Co-Dezernent I.1 Herr Rentmeister räumt ein, dass hier, im Gegensatz zu den Niederlanden, keine Zufahrten entlang den Bahnschienen bestehen. Hier ist aber die Bahn AG gefordert, entsprechende Verhandlungen mit den Grundstückseigentümern zu führen. Der Kreis Wesel hat hier keine Einflussmöglichkeiten.

Beratendes Mitglied Herr Kuster (VWG) ist davon überzeugt, dass eine höhere Taktzahl auch eine größere Gefährdung bedeutet und künftig mit mehr Kfz-Unfällen an Bahnübergängen gerechnet werden muss. Er findet es unglaublich, dass seitens der Bahn und anderen zuständigen Stellen nicht für mehr Sicherheitsmaßnahmen und –vorkehrungen gesorgt wird.

Ausschussmitglied Frau Schwitt (SPD) meint, dass der Start der Betuweline nicht pannenfrei verlaufen kann. Nach Vertragsabschluss hat man in den Niederlanden sofort reagiert und alle notwendigen Maßnahmen ergriffen, wogegen auf deutscher Seite lange nichts unternommen wurde. Jetzt hat man die Konsequenzen daraus zu ziehen.

Herr Stockhausen weist darauf hin, dass der Kreistag am 06.05.2004 bereits eine entsprechende Resolution verfasst hat.

Ausschussmitglied Herr Storm (CDU) geht davon aus, dass im Hinblick auf die anstehende Betuweline ein Planfeststellungsverfahren stattfindet. In diesem Rahmen kann auch für Zuwege zu den Bahnschienen gesorgt werden.

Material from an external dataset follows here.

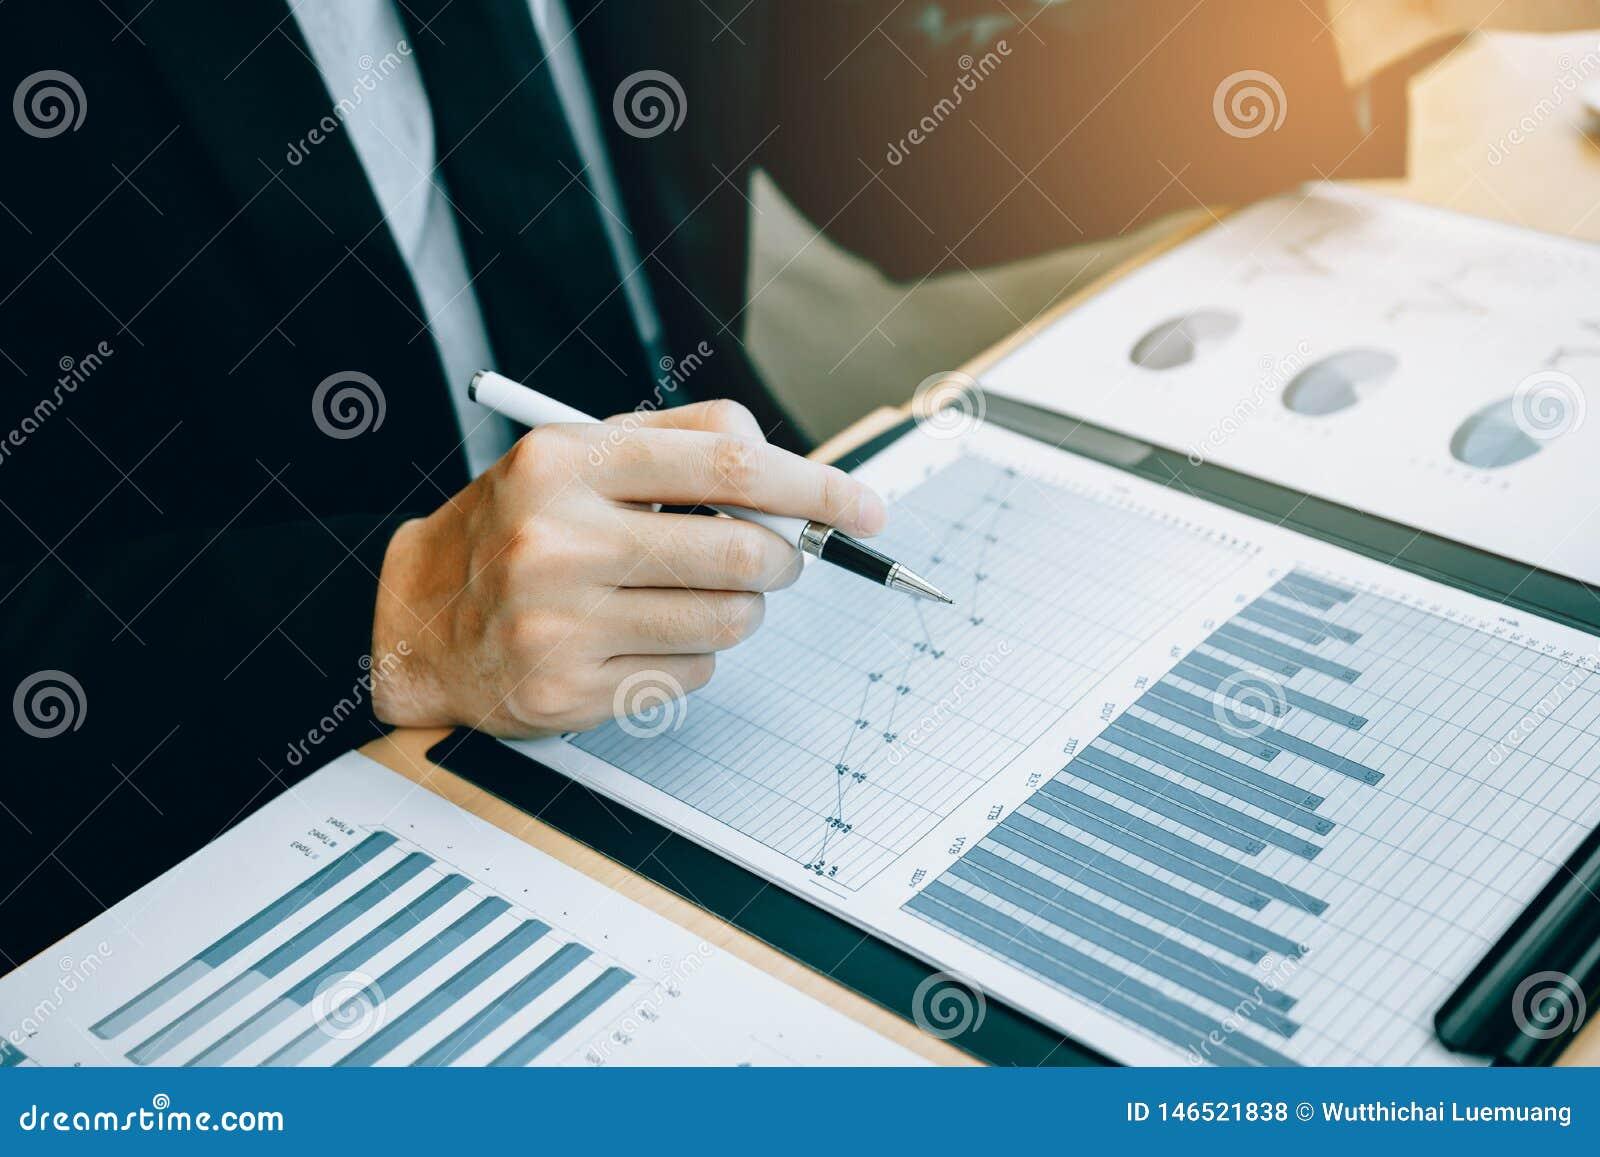 关闭手投资者用完计算器计算公司的收入投资在未来赢利的库存

Co-Dezernent I.1 Herr Rentmeister merkt an, dass über den Stand dieses Planfeststellungsverfahrens möglicherweise im zuständigen Umwelt- und Planungsausschuss berichtet werden kann.

Ausschussmitglied Herr Heckmann (SPD) bemerkt, dass die Betuweline bereits seit Abschluss des Staatsvertrages Gesprächsthema im Kreises Wesel ist und verschiedene Arbeitsgruppen mit der Bahn und anderen Gremien gebildet wurden, in denen über Streckenverlauf, Lärmschutz, 3. Gleis usw. diskutiert wurde. Leider wurde ein Hauptaugenmerk auf die Finanzen gelegt, und die Probleme des Katastrophenschutzes wurden nicht gesehen.

Ausschussmitglied Herr Lordick (SPD) ist der Meinung, dass eine Diskussion in diesem Ausschuss zu keinem abschließenden Ergebnis führt. Auch die Bundesbahn hat Notfallpläne, die bei der Katastrophenschutzplanung des Kreises Wesel unterstützen können. Er schlägt vor, entsprechende Gespräche mit Vertretern der Bahn zu führen.

Ausschussmitglied Herr Halla (CDU) kritisiert, dass die Bahn den Kreis Wesel im Hinblick auf die Betuweline im Stich gelassen hat.

Ausschussmitglied Herr Bartels (CDU) schlägt vor, einen erneuten Beschluss durch den Kreistag fassen zu lassen, der nochmals eindrücklich auf die bereits in den vergangenen Jahren verfassten Forderungen bezüglich der Betuweline hinzuweist.